ユクとゆく

宮古島で保護された犬、ユクとの暮らし。

夜中に吐いた犬と動揺が隠しきれていなかった飼い主。

うぐぐぐ。
という音で目が覚めた。

掛ふとんが盛り上がる下で、ユクが背中を丸めて立っていた。
うげうげうげ。と吐いた。吐いたものはドッグフードのような物だったように思うが、寝ぼけていてよく覚えてない。

そんな格好で寝るからではないか。

 

ユクは口をぺちゃくちゃとしていている。胃液が口に上がってきて気持ち悪いのだろうか。
あまり人間が騒ぐとユクが萎縮してしまうので、冷静を装った。妻は装っているのではなく、冷静そうだ。妻が下のキッチンから水を汲んできてユクに差し出した。あまり飲まなかった。
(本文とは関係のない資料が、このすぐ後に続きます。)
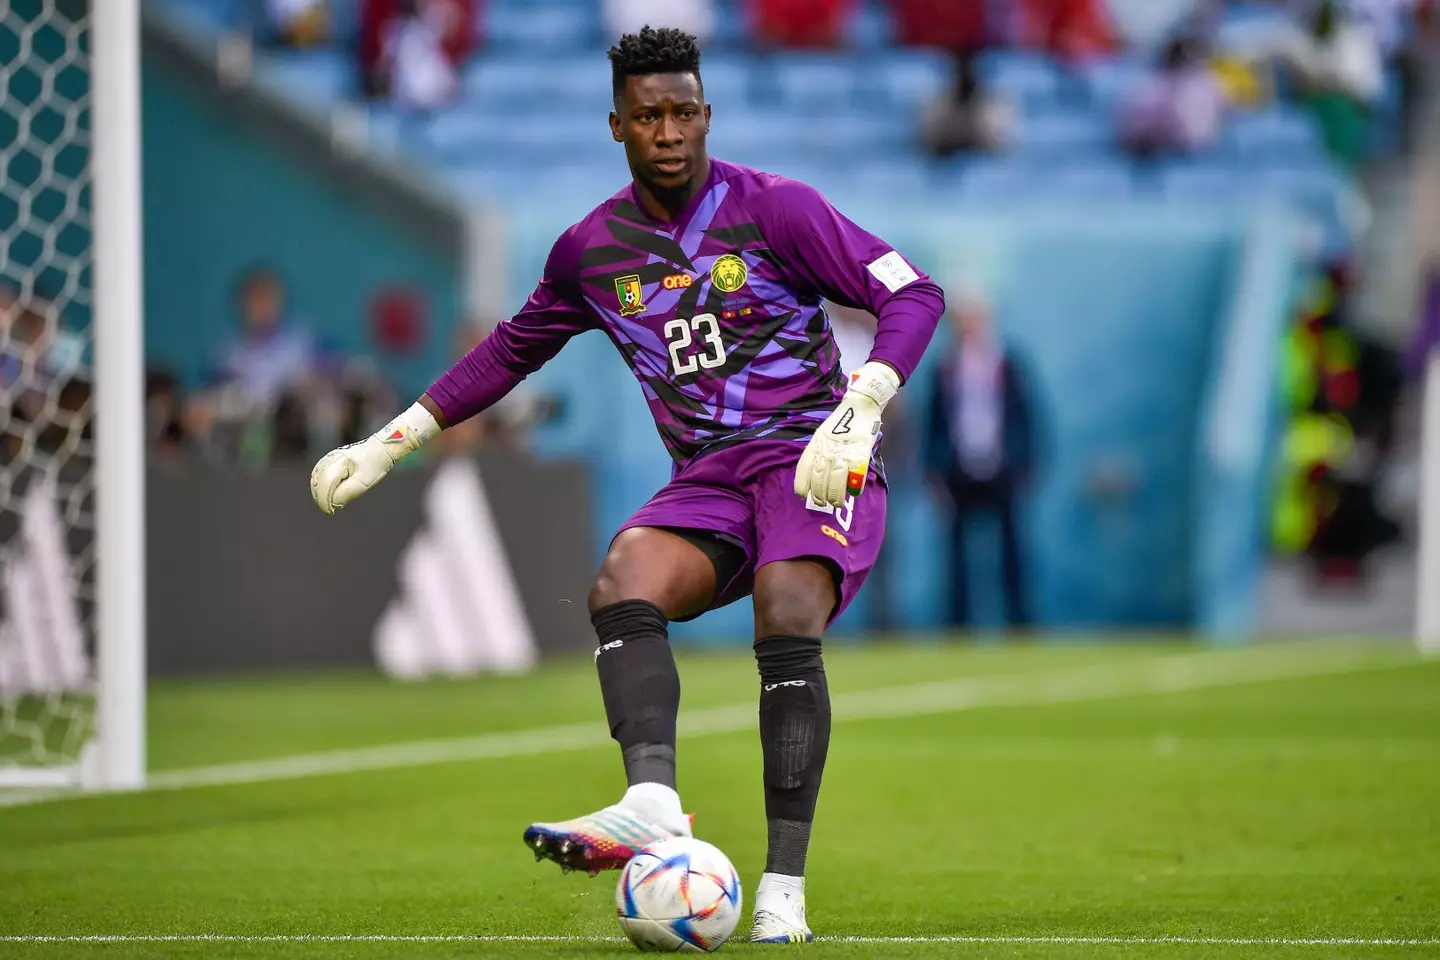 Cameroon manager Rigobert Song made the shock decision to drop Andre Onana for the World Cup match against Serbia.

人間とはまた違う反応なんだな。

君たちは何もわかっていない。

ベッドのシーツの上を片付けなければならない。
冷静を装った私はキッチンからキッチンペーパーを持ってきた。すると、すでに妻がトイレットペーパーで処理し始めていた。私の手元を見て、流せません、と一言。たしかに。

雑巾を持ってきなさい、という妻の命令に従い、洗面所で雑巾を濡らして持ってきた。洗いたてではあるが、いつもユクの足を拭っている雑巾なので、妻は苦笑した。

わかっていない。

犬はよく吐くそうだ。
ユクが吐く場面に、これまでも何度か遭遇はしている。
それでも寝ているときに突然来れば、動揺するものだ。

特に悪いものは食べていないはずなのだが、羽毛布団が暑すぎたのか。
理由はわからない。

ガニ股犬。

人間がシーツを替え終わるころには、ユクも平然とした顔に戻っていた。
吐いた直後は、わたしゃ知りませんよ、という感じの顔をしていた。あれは、もしかしたら叱られるかも、とでも思っていたのだろうか。

その後は健やかに寝て、朝のお散歩は元気に出かけていった。